▸ What you should do: Please go line by line and repeat the data below exactly, with no images.

▸ The data:
____

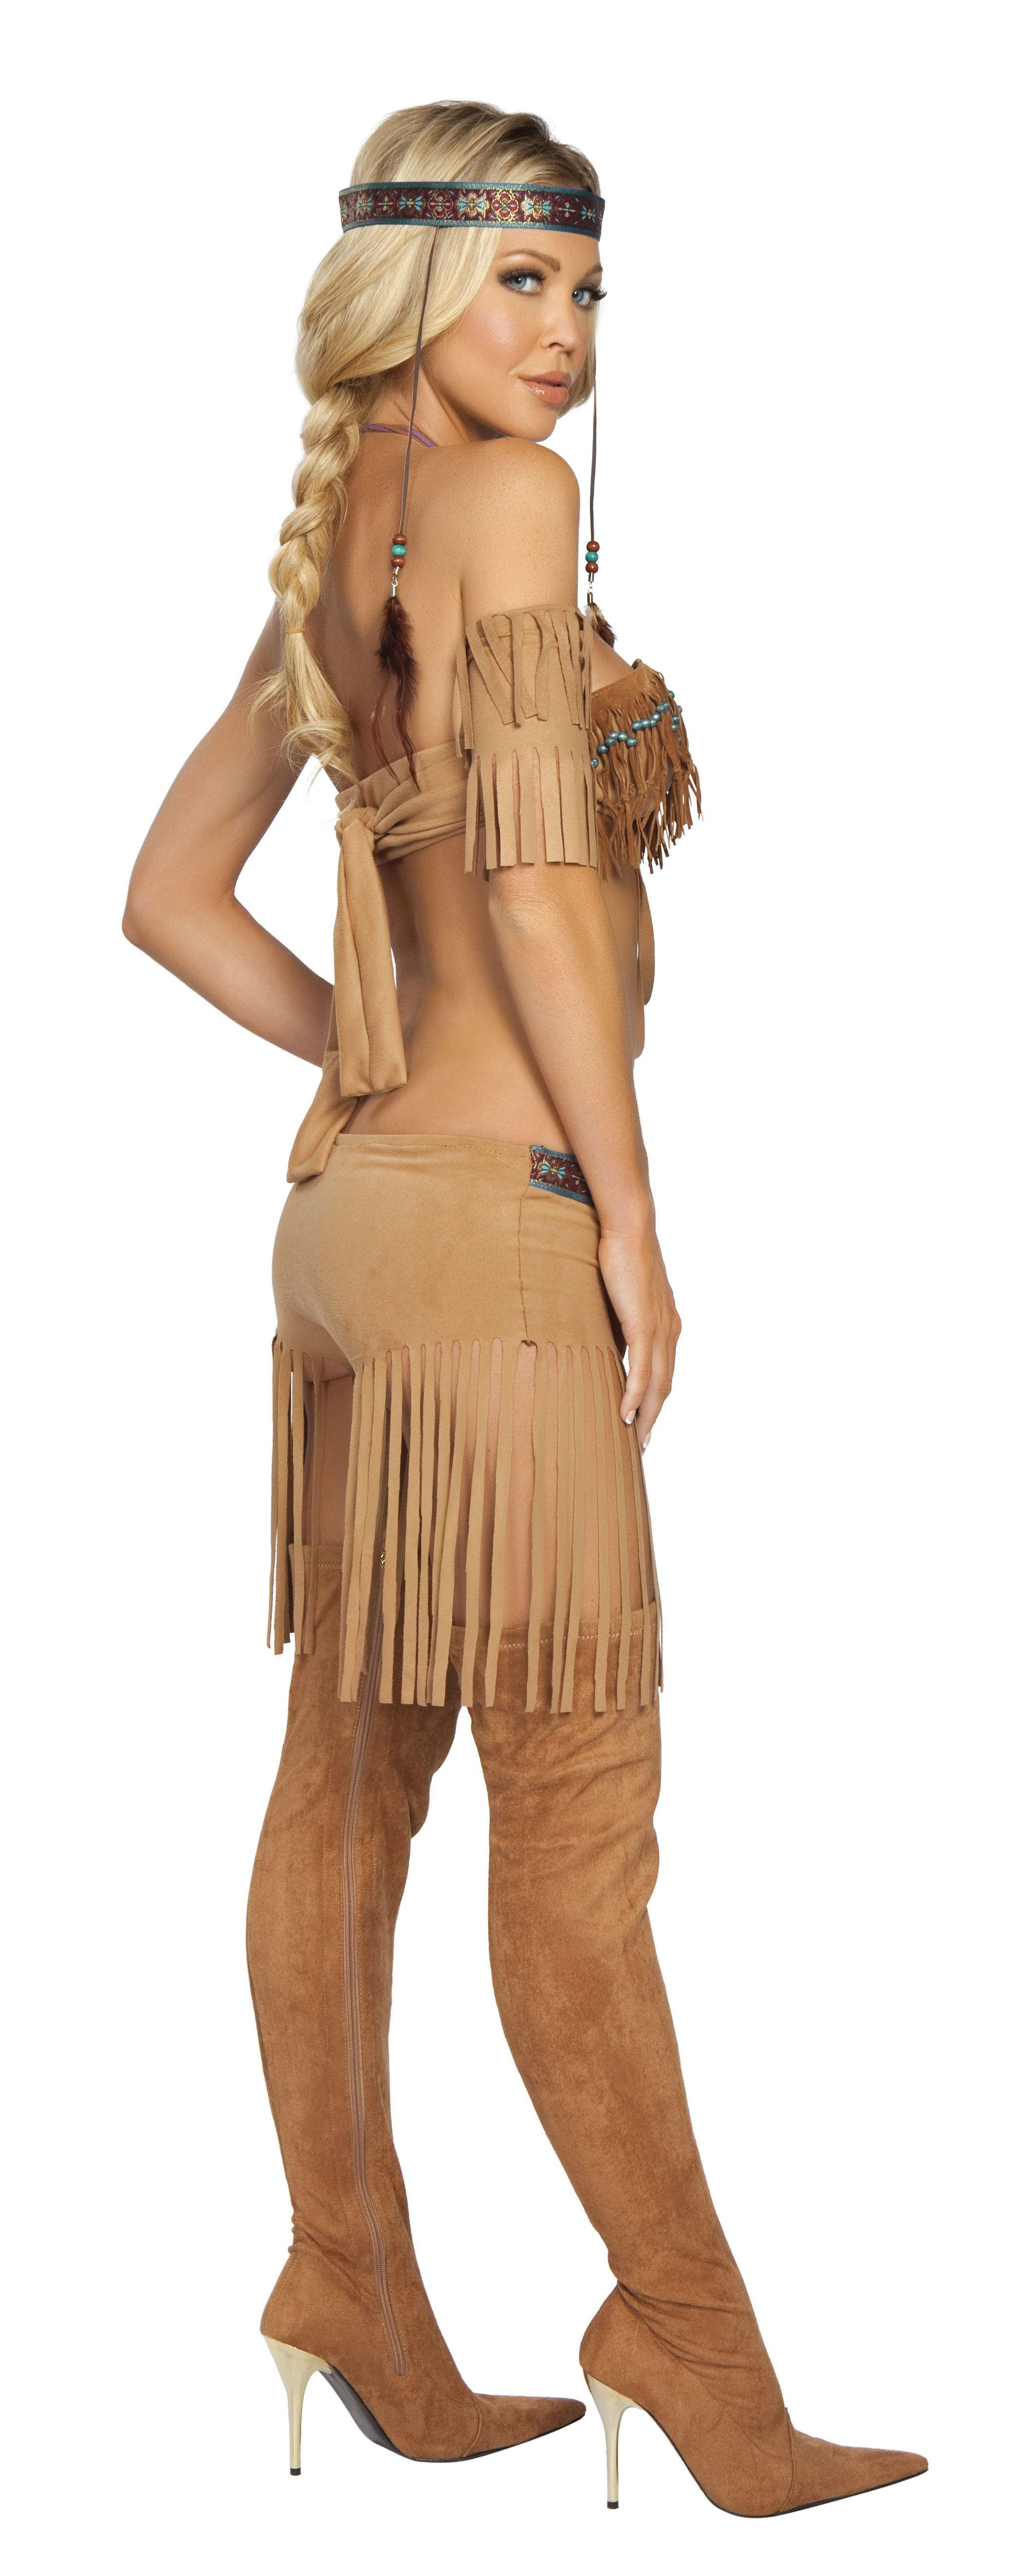 naked cherokee women
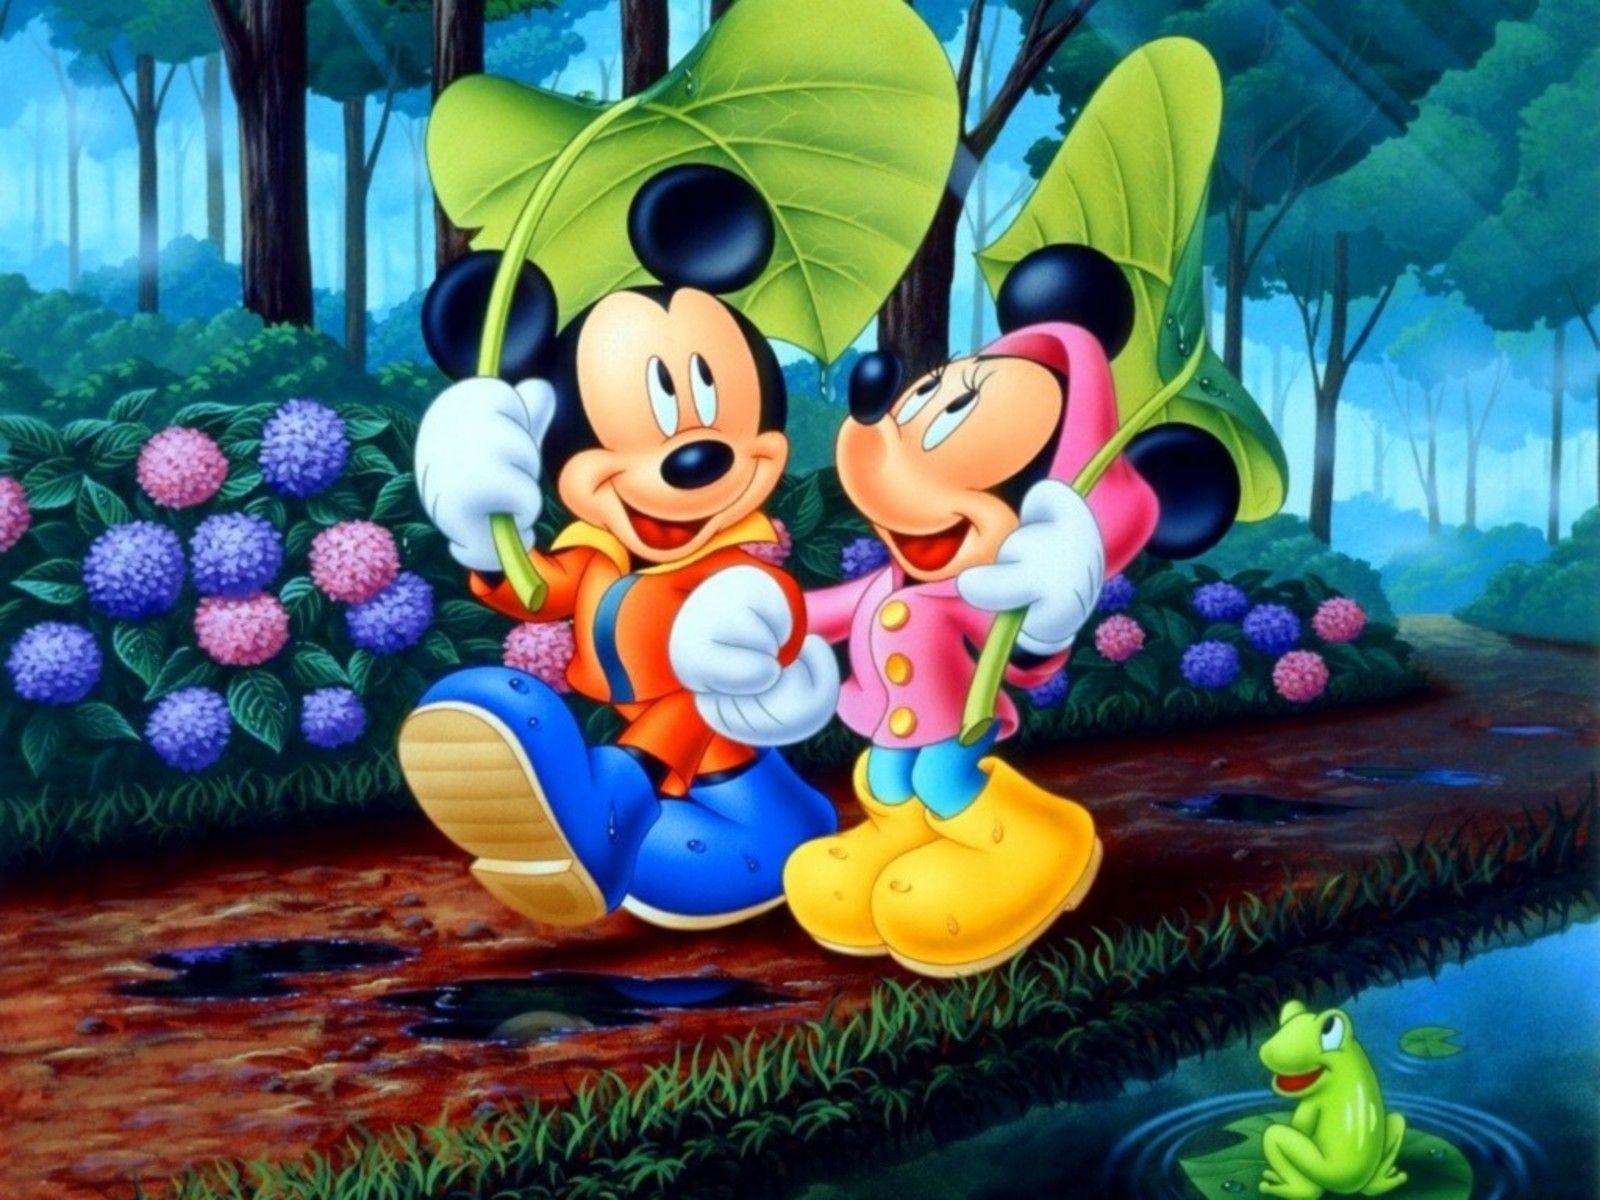 Disney Cartoon Mickey Mouse Wallpaper HD 5 High Resolution Wallpaper Full Size
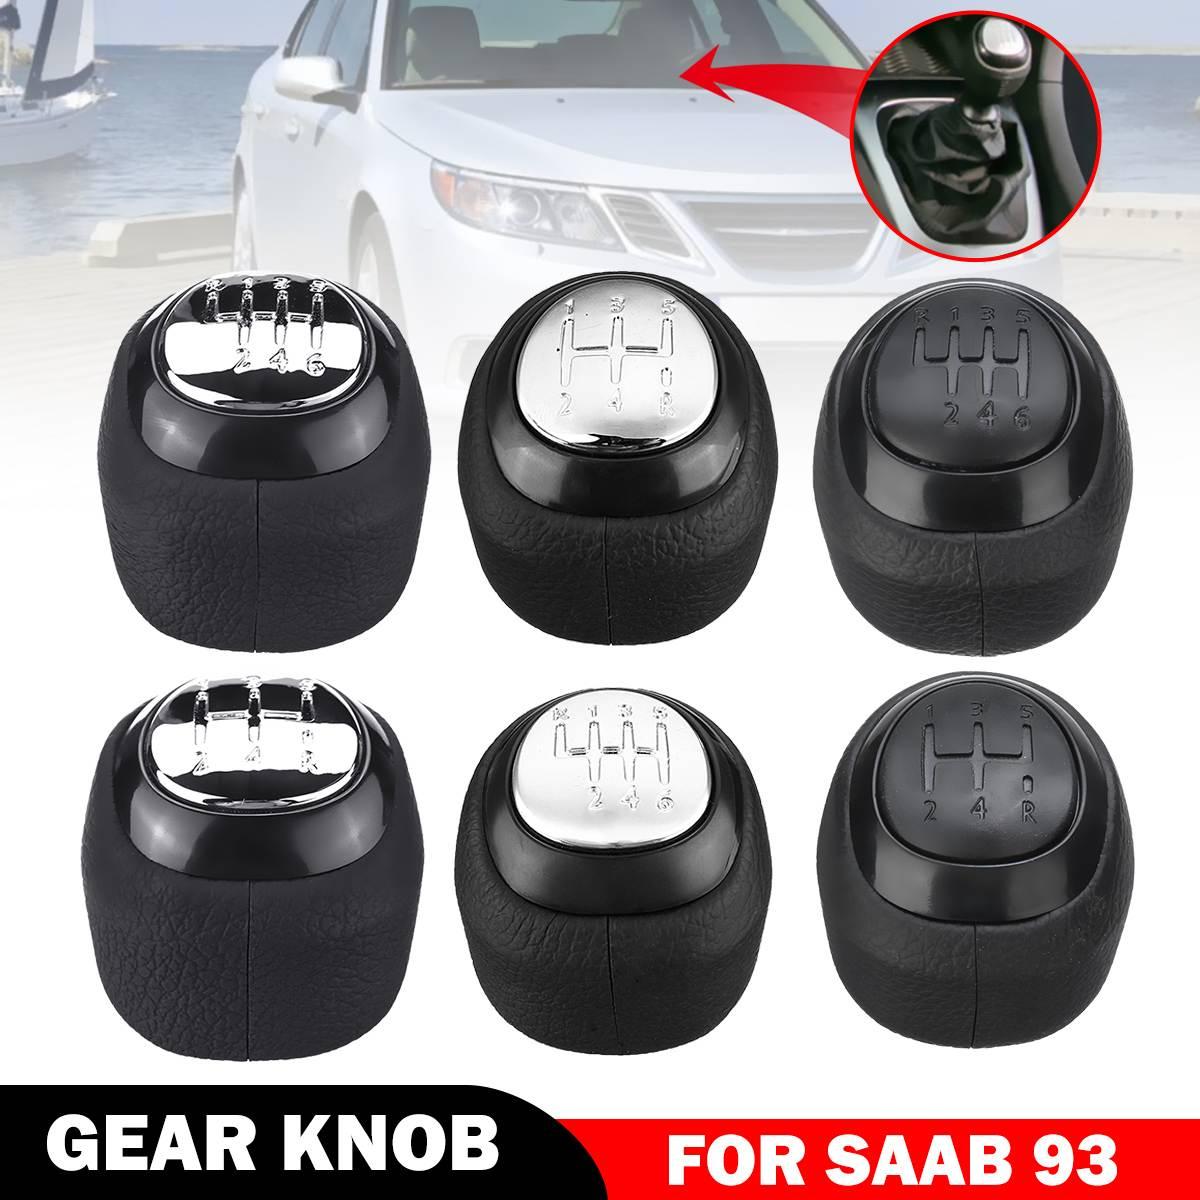 6 Speed PU Leather Gear Shift Knob For SAAB 9-3 93 2003-2012 #55566206

____

▸ Reply:
 naked cherokee women
 Disney Cartoon Mickey Mouse Wallpaper HD 5 High Resolution Wallpaper Full Size
 6 Speed PU Leather Gear Shift Knob For SAAB 9-3 93 2003-2012 #55566206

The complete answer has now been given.